Scopro il nome della scrittrice Daisy Johnson la scorsa estate. La più giovane scrittrice nella storia finalista del prestigioso Man Booker Prize. Mi entusiasmo in una frazione di secondo.

Daisy Johnson è nata nel 1990, vive a Oxford. Nel 2018 pubblica Everything Under (Jonathan Cape), consacrandosi come nuova voce della letteratura contemporanea britannica. Nel 2020 pubblica Sisters (Jonathan Cape).

A questo punto dentro di me si rompe una sacca segreta e carnosa di sangue, la sacca del desiderio, e il suo contenuto mi dilaga.
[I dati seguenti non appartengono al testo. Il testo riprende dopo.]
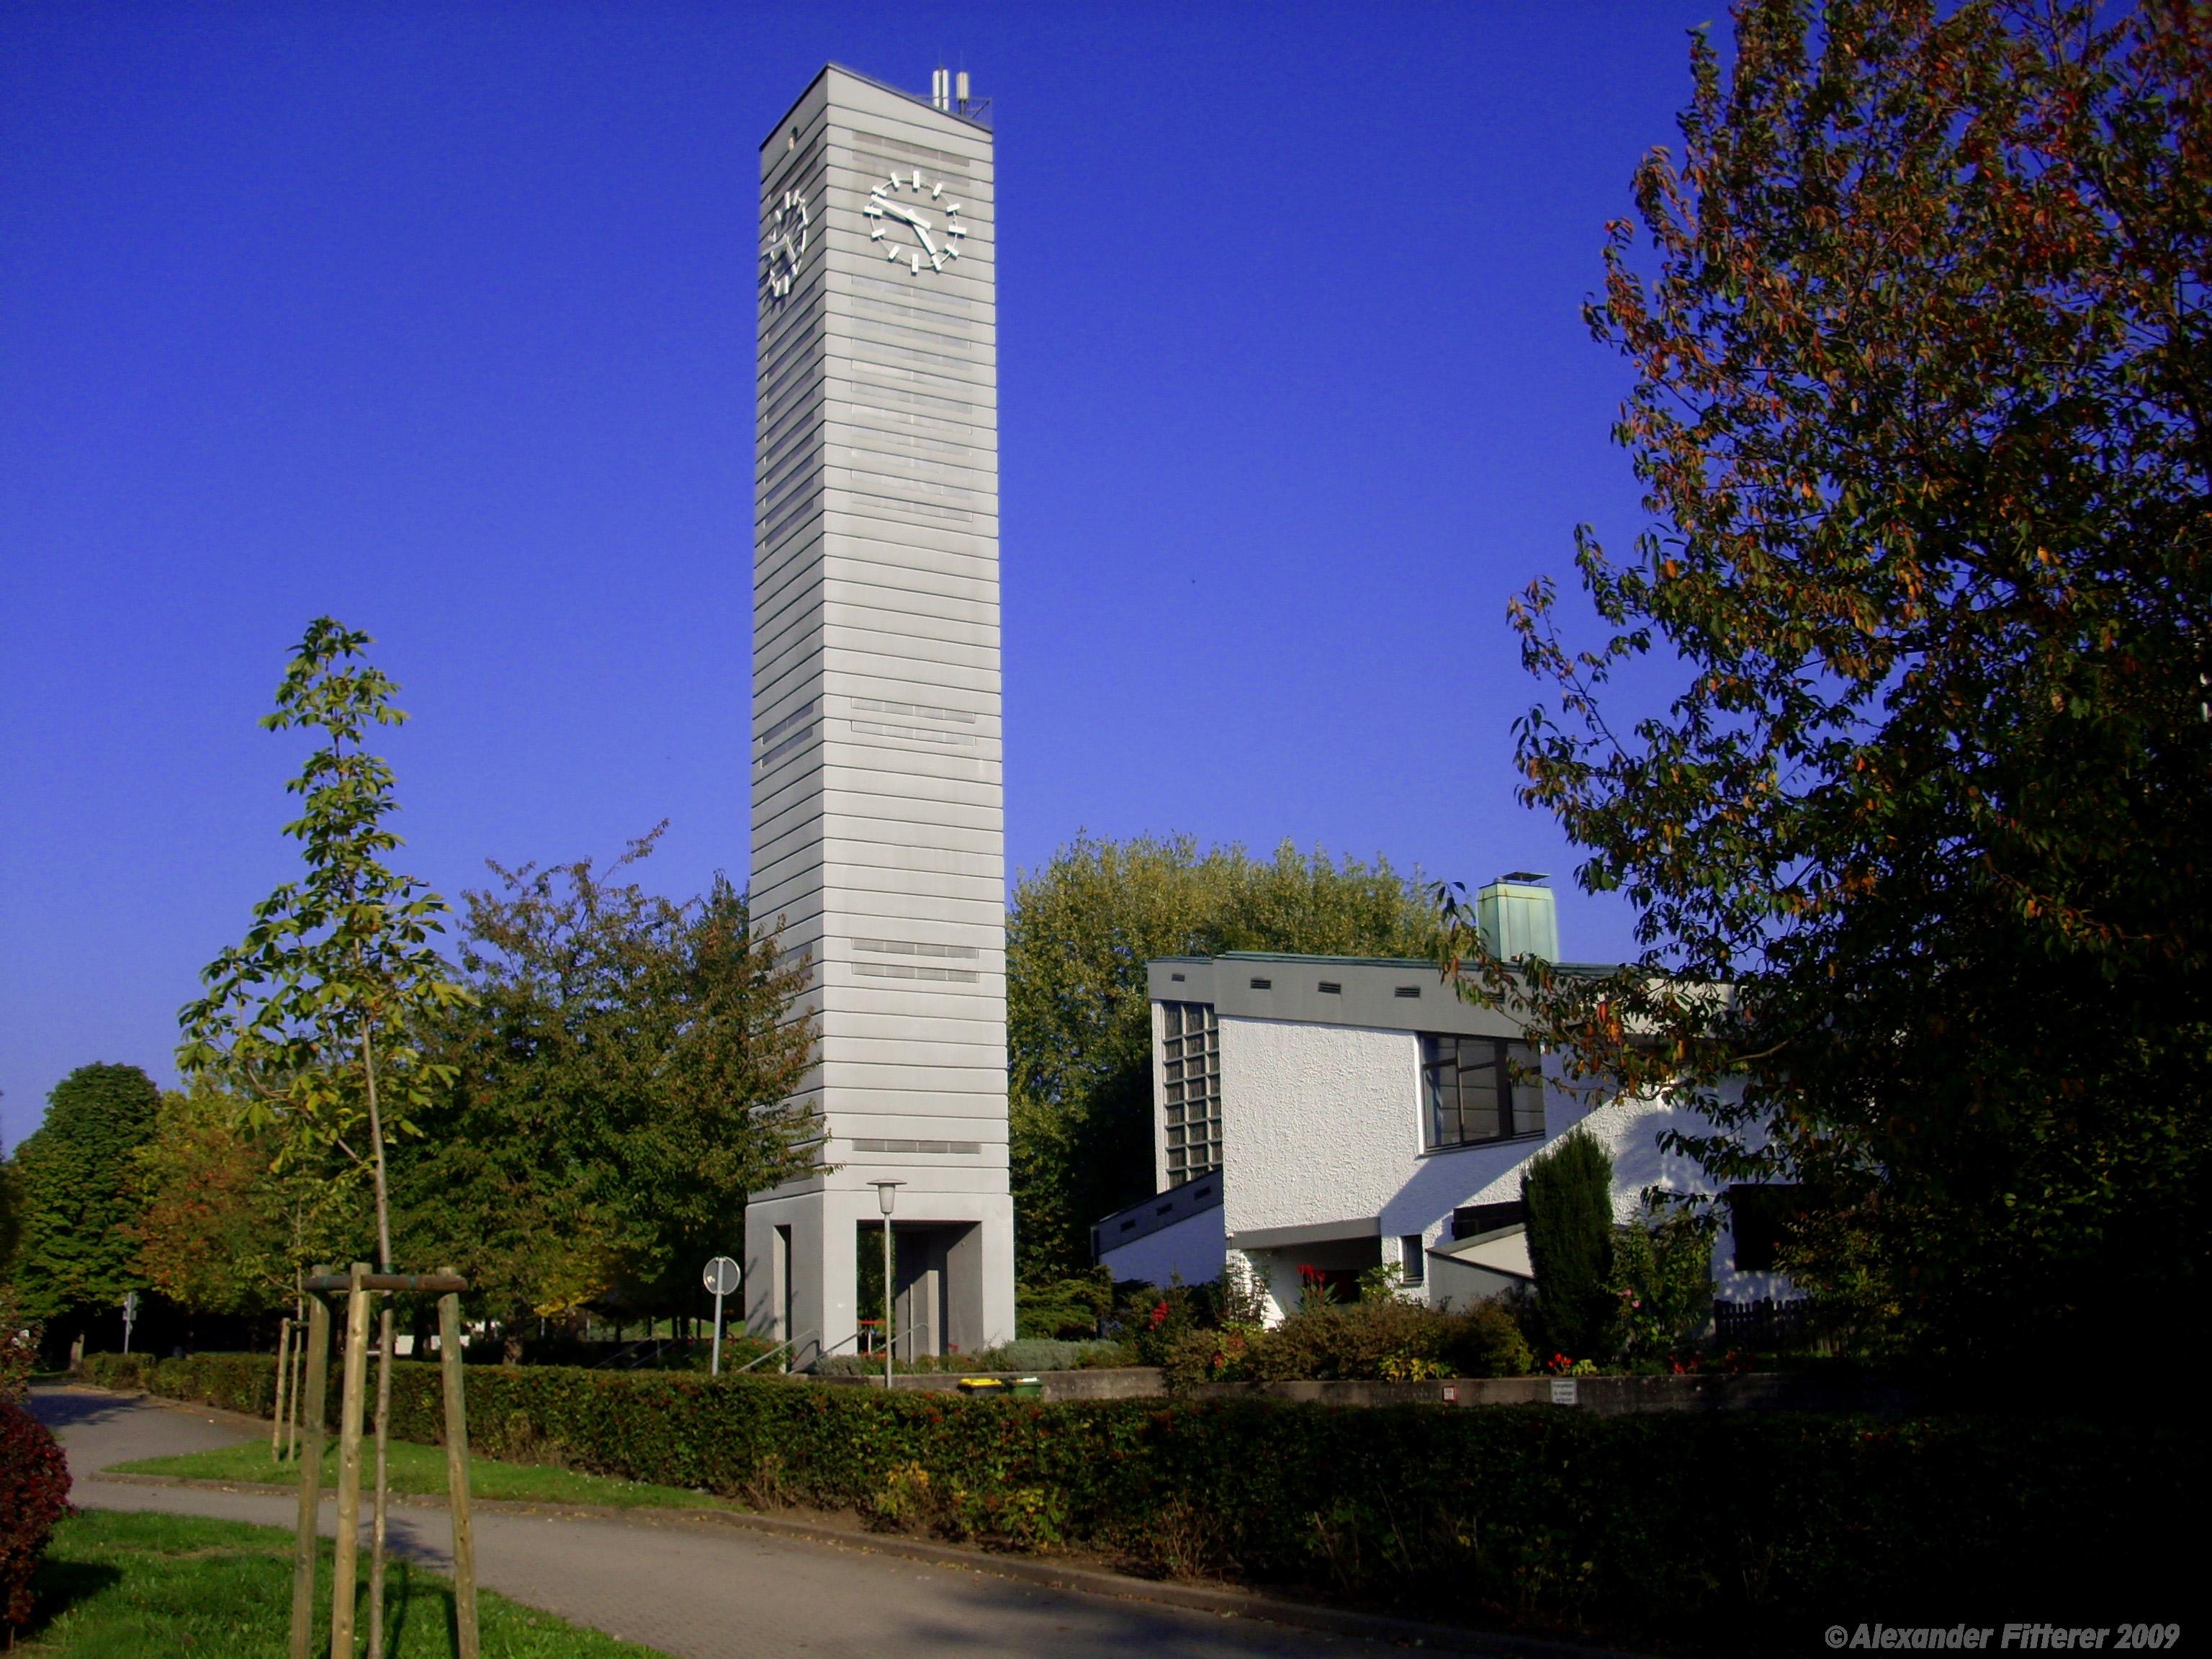 Gaggenau-Bad Rotenfels, Johanneskirche, 2009 (Bild: Alexander Fitterer, 2009, mapio.de)

Quel sangue estraneo si mescola al mio e mi comanda: leggere il primo romanzo di Daisy Johnson.

Primi approcci fisici con il libro
mentre la sacca carnosa si rigenera

Everything Under è stato pubblicato in Italia da Fazi nel 2019 con il titolo Nel profondo, traduzione di Stefano Tummolini. Lo ricevo per il compleanno come regalo pilotato.

Finalmente il romanzo è mio, dunque. La sacca carnosa di sangue pulsa ancora, però comincia a rigenerarsi dai suoi stessi brandelli. I desideri sopravvivono così, tramite meccanismi chirurgici interni fatti di cellule e vene. Seguono una logica paradossale secondo cui il sangue uccide e salva allo stesso modo.

Il peso del libro è gradevole; sono 274 pagine, né troppo corto, né troppo lungo. Perfetto per leggerlo a letto tenendolo sulla pancia; oppure perfetto per tenerlo con 3 dita mentre cammino per casa e non guardo dove vado (tanto dove dovrei andare? La casa è sempre la stessa, non posso sbagliare – a meno che mia madre non allestisca lo stendino con i panni ad asciugare proprio in corridoio e io non lo travolga).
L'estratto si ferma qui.